Here is a similar approach using basic complex variables. Suppose we seek to evaluate $$\sum_{k\ge 0} {2k\choose k} {n+k\choose m+2k} \frac{(-1)^k}{k+1}$$ where $n\ge m.$

Introduce the integral representation $${n+k\choose m+2k} = \frac{1}{2\pi i} \int_{|z|=\epsilon} \frac{1}{z^{m+2k+1}} (1+z)^{n+k} \; dz.$$

This yields the following integral for the sum: $$\frac{1}{2\pi i} \int_{|z|=\epsilon} \sum_{k\ge 0} {2k\choose k} \frac{(-1)^k}{k+1} \frac{1}{z^{m+2k+1}} (1+z)^{n+k} \; dz \\= \frac{1}{2\pi i} \int_{|z|=\epsilon} \frac{(1+z)^n}{z^{m+1}} \sum_{k\ge 0} {2k\choose k} \frac{(-1)^k}{k+1} \frac{(1+z)^k}{z^{2k}} \; dz.$$

Now the OGF of the Catalan numbers is $$\sum_{k\ge 0} {2k\choose k} \frac{1}{k+1} w^k = \frac{1-\sqrt{1-4w}}{2w}.$$ Substituting this closed form that we computed into the integral yields

$$\frac{1}{2\pi i} \int_{|z|=\epsilon} \frac{(1+z)^n}{z^{m+1}} \frac{1-\sqrt{1+4(1+z)/z^2}}{(-1)\times 2(1+z)/z^2} \; dz \\= - \frac{1}{2\pi i} \int_{|z|=\epsilon} \frac{(1+z)^n}{z^{m-1}} \frac{1-\sqrt{1+4(1+z)/z^2}}{2(1+z)} \; dz \\= - \frac{1}{2\pi i} \int_{|z|=\epsilon} \frac{(1+z)^n}{z^m} \frac{z-\sqrt{z^2+4(1+z)}}{2(1+z)} \; dz.$$

Observe that $z^2+4(1+z) = (z+2)^2$ so the integral becomes $$- \frac{1}{2\pi i} \int_{|z|=\epsilon} \frac{(1+z)^n}{z^m} \frac{z-(z+2)}{2(1+z)} \; dz \\ = \frac{1}{2\pi i} \int_{|z|=\epsilon} \frac{(1+z)^{n-1}}{z^m} \; dz.$$

This last integral can be evaluated by inspection and yields $$[z^{m-1}] (1+z)^{n-1} = {n-1\choose m-1}.$$

Note that for the convergence of the Catalan GF series we require $|(1+z)/z^2|\lt 1/4$ (distance to the nearest singularity).
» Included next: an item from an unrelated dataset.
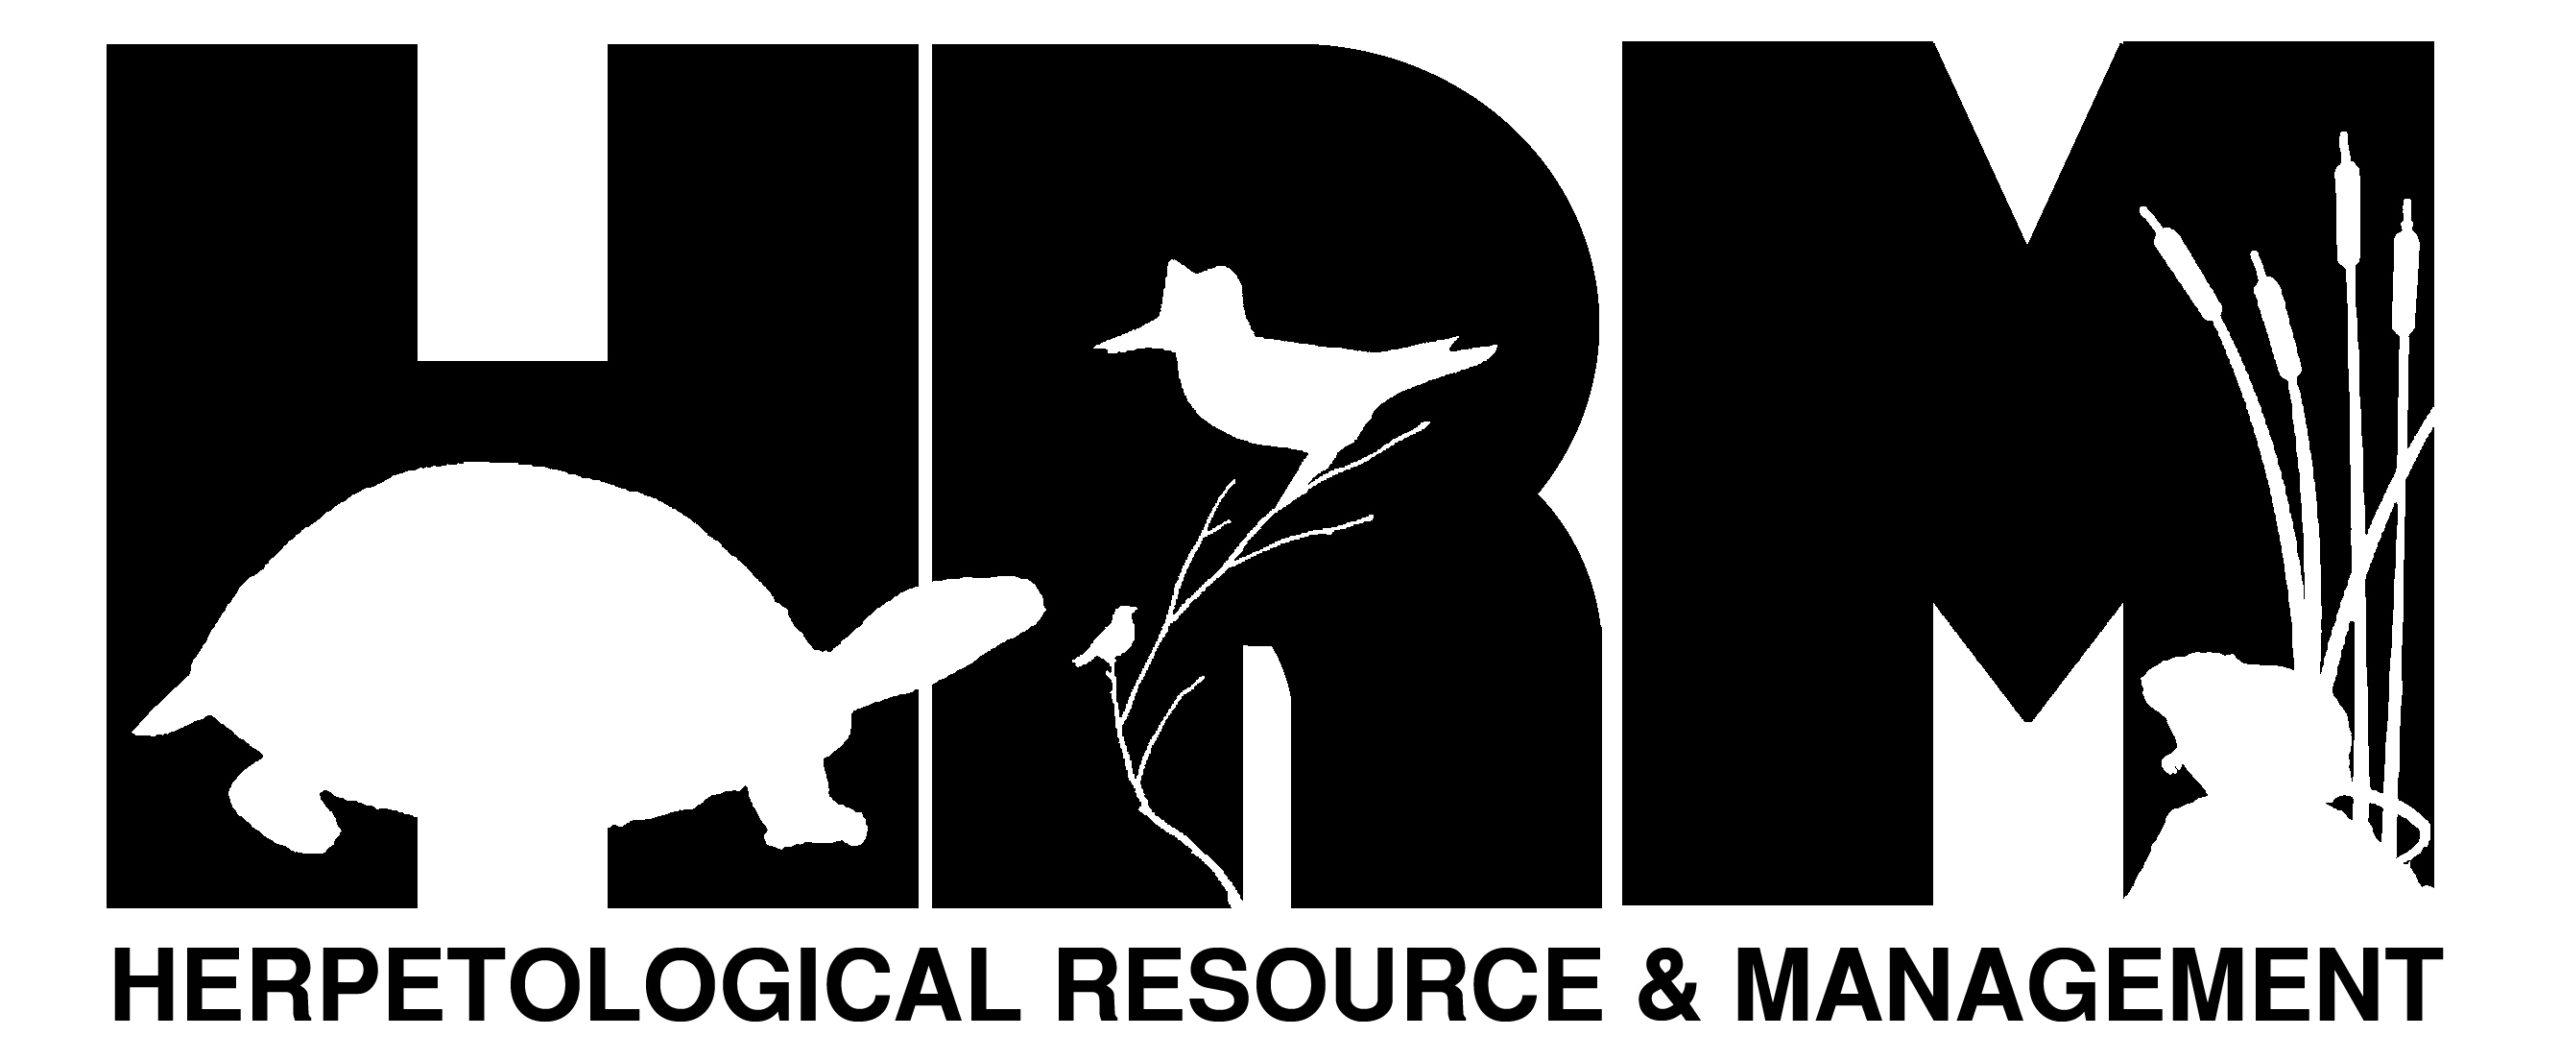 HRM logo black on white (crop)

Now $|(1+z)/z^2|\le (1+\epsilon)/\epsilon^2$ so we may take $\epsilon = N \ge 5.$

Remark: the same functions appear here as in @robjohn's answer, who was first.

A trace as to when this method appeared on MSE and by whom starts at this MSE link.